In line with developments across the board in modern capitalism, the internal structure of many media companies has changed quickly. The number of full-time news staff has declined sharply and they have been replaced by freelancers, either working on short term fixed contracts or with no contract at all. This has led to a situation where editorial staff have less and less time to research news stories. As a consequence, much of the content is cobbled together directly from press releases and other such pre-packaged forms. Furthermore, without the time to adequately investigate any issue, content is considered newsworthy only if it can be squeezed into a well-known angle. Any news item that does not fit into one of these cliches is just "not news". Protestors can be presented as violent hooligans or harmless utopian hippies but otherwise they can be ignored.
The increasing preponderance of news-staff who work in insecure positions has also contributed to the decline in the quality of news content. Working in a highly competitive environment, with future employment depending on breaking of high-profile stories, the temptation to embellish and sensationalise stories often proves irresistible to those who are desperate to establish themselves in the industry. Attending a public meeting where reasonable people discussed plans for a protest is a story that is unlikely to grab the front pages. On the other hand 'infiltrating a secret meeting where fanatics plotted to bring chaos to the city' might.
Possibly the most insidious factor that shapes the mainstream media is what Chomsky calls 'self-censorship' or the 'internalisation of values'. This refers to the process whereby media workers internalise the filters that apply to the publications that they work for. This creates a situation where many will strenuously proclaim their freedom to write whatever they like and deny the existence of any censorship of their work. In general, journalists start on the bottom rungs of the media ladder, producing commercial features or lifestyle pieces. By the time they rise through the system to work on more politically sensitive pieces, they will be very familiar with the dominant ideologies espoused by the publication and industry that they work in. Anybody who fails to internalise the correct values will either fail to rise, or will face so much turmoil and conflict that they will be driven out.

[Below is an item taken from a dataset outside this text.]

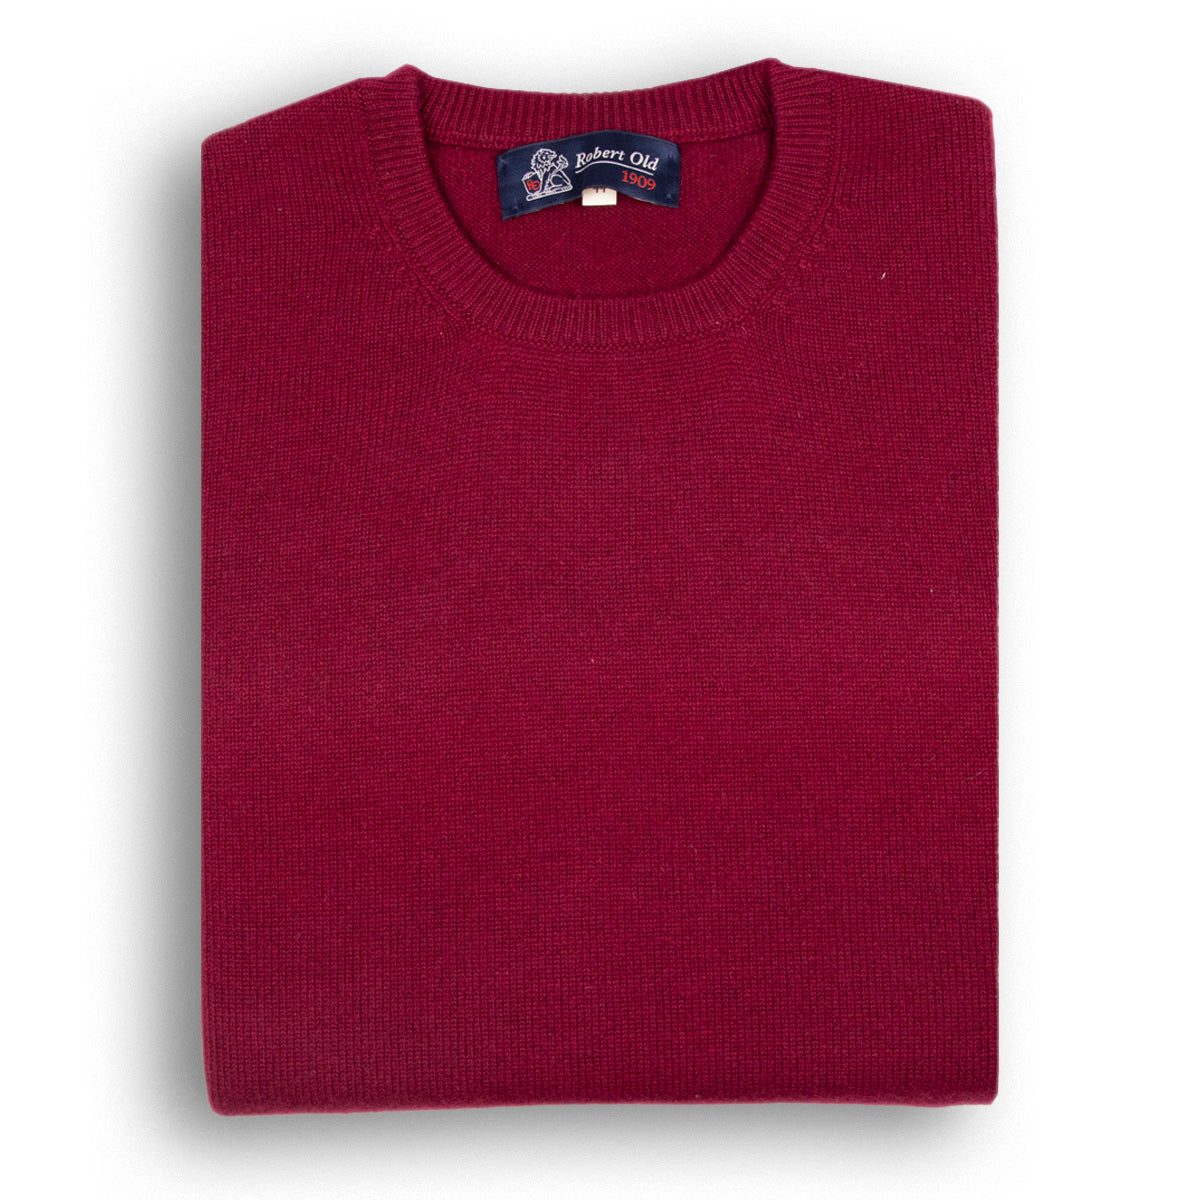 Claret Red Tiree 4ply Crew Neck Cashmere Sweater  Robert Old UK 36"

For example, it is unlikely that the editors of Ireland's Sunday Independent have to refuse too many articles on the grounds that they are too sympathetic to Sinn Fein. Anybody who finds themselves in a position as a political writer for that publication will already know well that only criticisms of Sinn Fein are likely to be published. Furthermore, it is likely that only those writers who demonstrate a personal dislike for Sinn Fein will ever be given a job as a political commentator.
For all of the reasons given above, anarchists and other radical critics of the current social order are never going to be given a fair hearing in the mainstream media as it is now constituted. On balance, the media coverage they receive will be overwhelmingly negative. They will be ignored, belittled, mocked, misrepresented, slandered, vilified and abused. There is nothing that can be done about this in the short term - it is a consequence of the structure of the entire industry and is outside of popular control. Therefore, in the long run, the most important task is to create alternatives; media that is not controlled by powerful corporations; that does not depend on advertising revenues; that primarily aims to inform rather than entertain; that is independent from political pressure coming from the powerful.

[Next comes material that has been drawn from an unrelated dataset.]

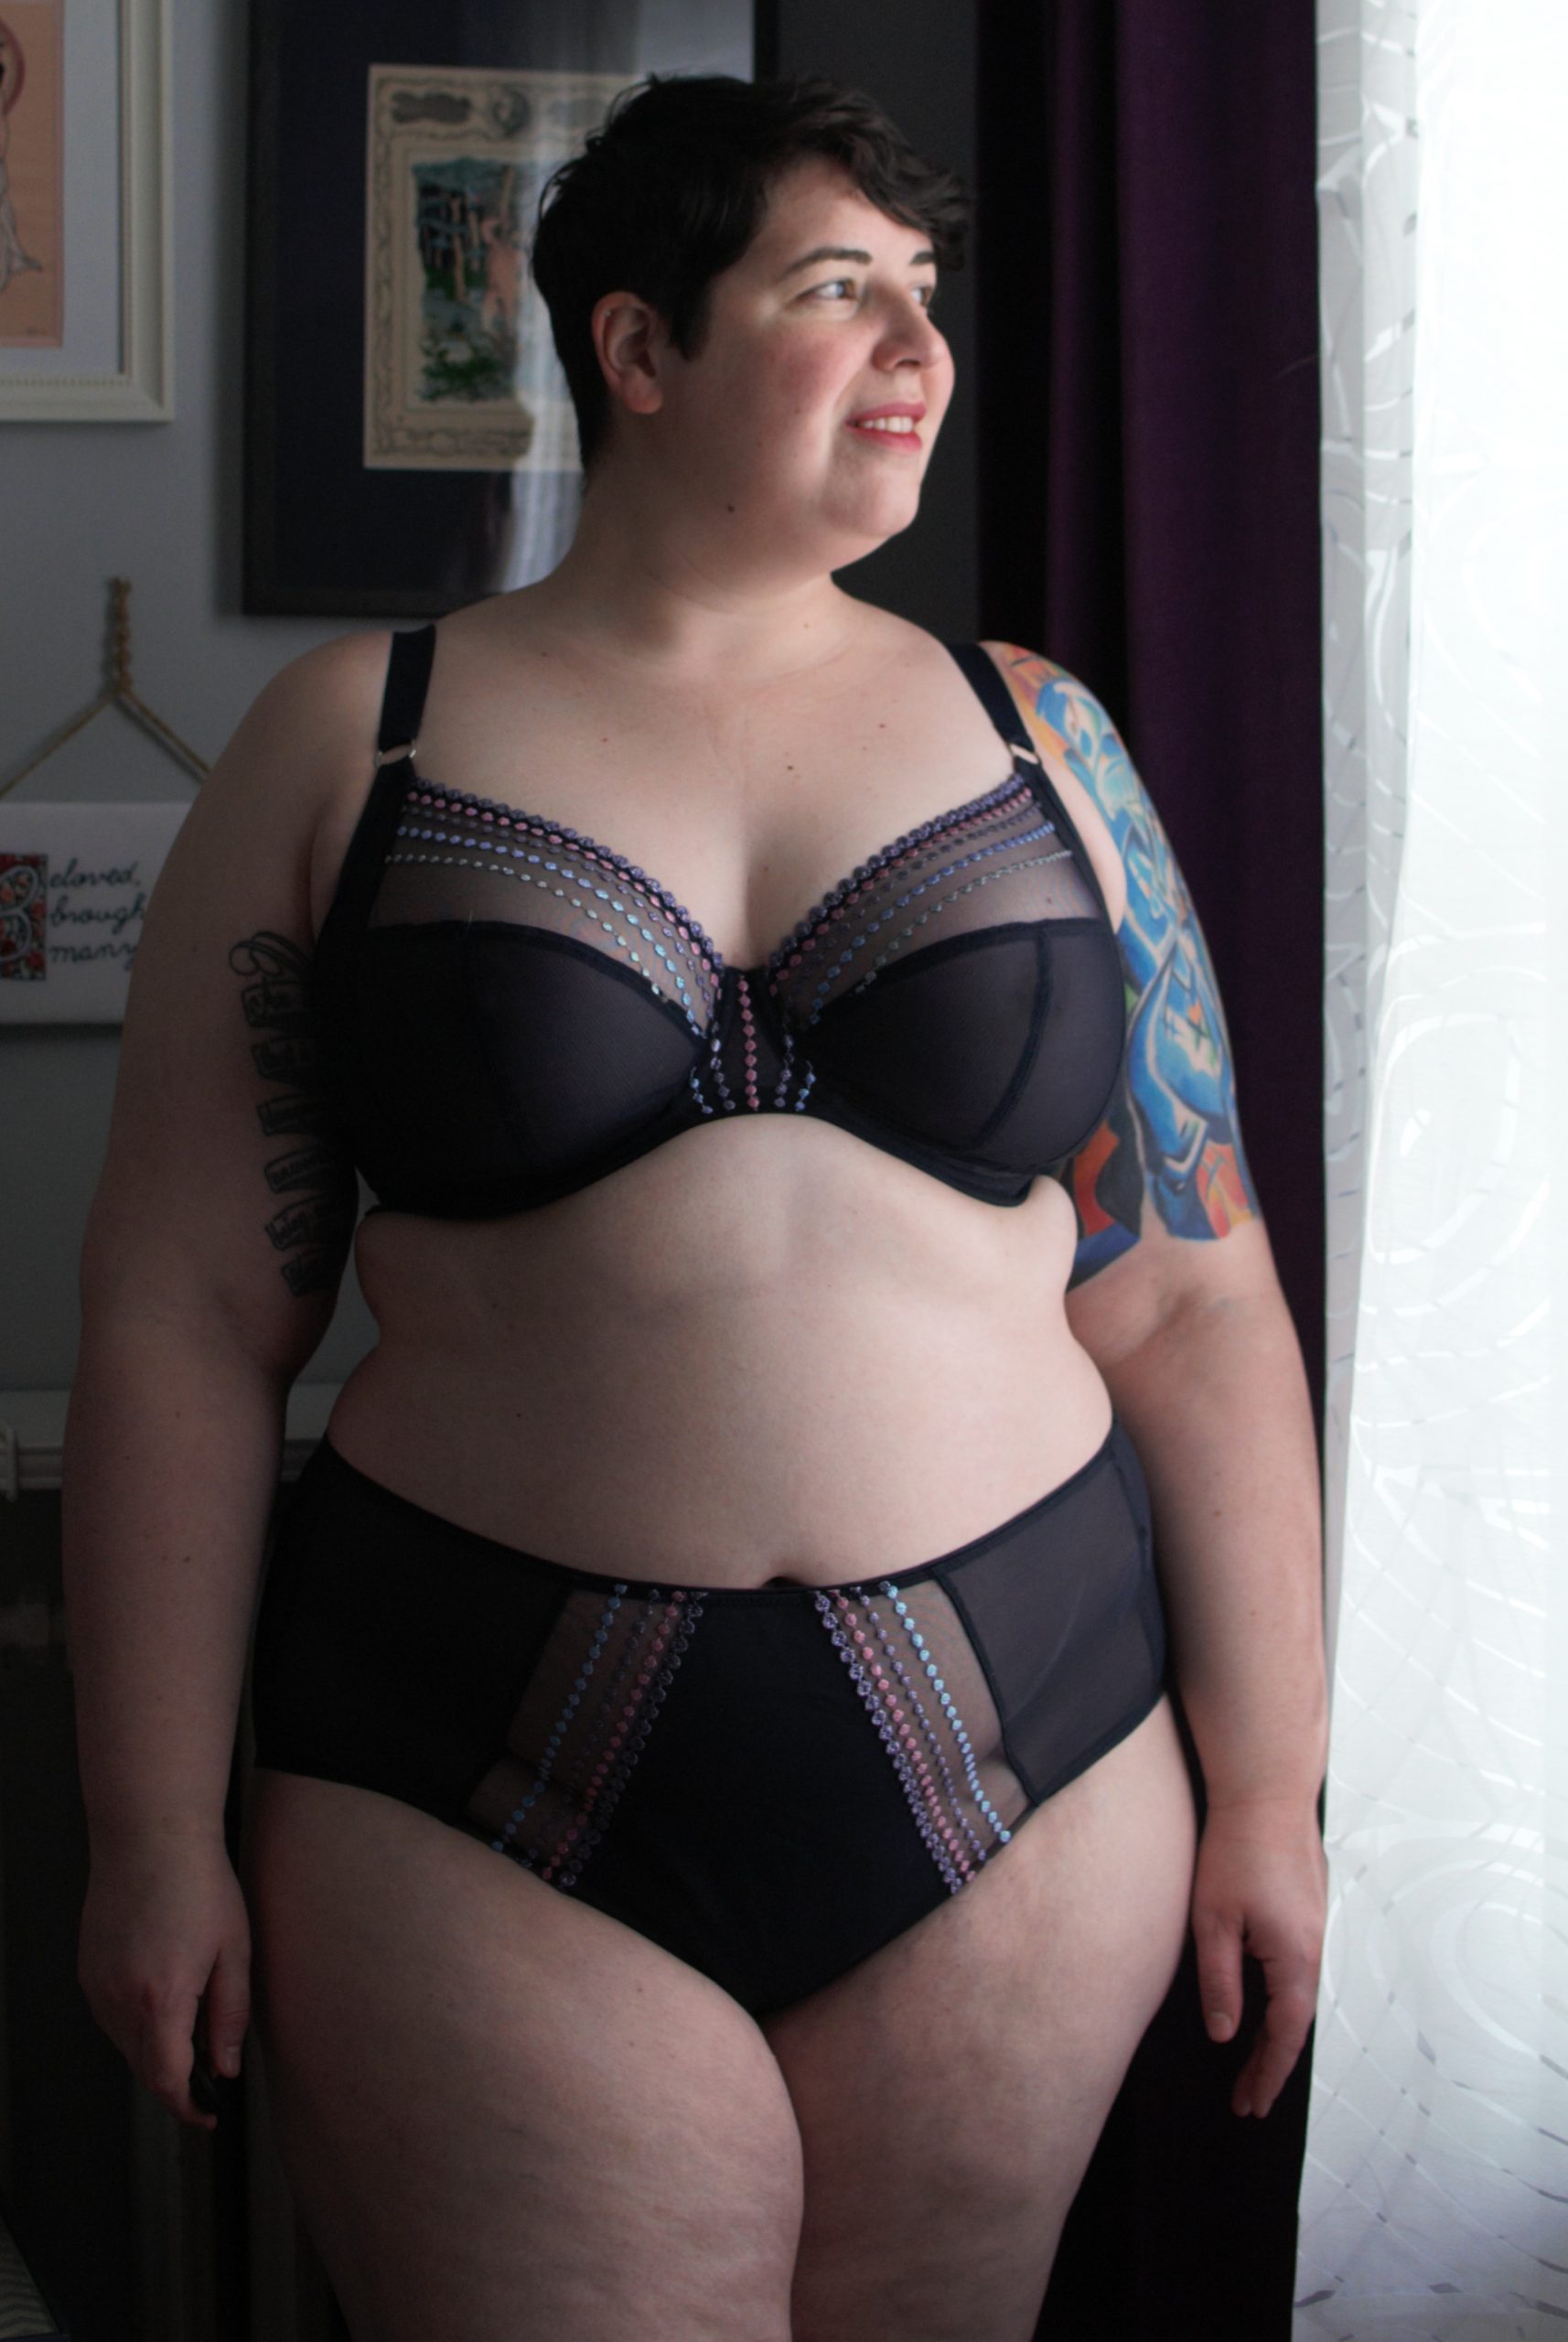 Sachi Black Butterfly Plunge Bra from Elomi

In the past there have been many extremely successful examples of people doing just that. There is a long tradition of radical grassroots publishing with roots that go back at least as far as the late 18th century, when Thomas Paine's pamphlet The Rights of Man was influential in popularising the ideas of the republican revolutions and uprisings around the world. During the 19th century, a workers' press flourished, producing numerous popular daily newspapers in new industrial towns in Britain and the US. In 1930's Spain the anarcho-syndicalist CNT produced over 30 daily newspapers, including the national best-seller. Sadly, with the growing importance of advertising revenues and the decline of radical workers' organisations, alternative, non-commercial publications found it impossible to compete with the corporate products and their number dwindled. Generally only those publications which were run by well-organised and committed political groups survive today. Their circulation is mostly tiny compared with the mass distribution that the workers' press achieved many decades before.
New media technologies such as television and radio that were introduced in the course of the twentieth century tended to be even more tightly controlled by government and large corporations as they require greater capital investment. Today, there are only a small number of community radio stations and public access television channels that are truly independent of corporate and state control, and they have tiny audiences and minuscule resources to cover news stories when compared with the corporate competition.
To appreciate the marginality of non-commercial media today, consider the example of Ireland. In terms of print publications, it is only the newspapers, magazines and 'zines produced by small left wing groups and individuals that are fully independent of the various filters in the propaganda model. There are less than 100,000 copies of libertarian publications and maybe twice that number of Marxist and other radical publications distributed in Ireland each year. This figure is easily surpassed by every single issue of several corporate Sunday newspapers. In other media, such as television and radio, the situation is worse still. A couple of community-controlled radio stations compete against a huge array of state and commercial offerings with vastly greater resources and audiences.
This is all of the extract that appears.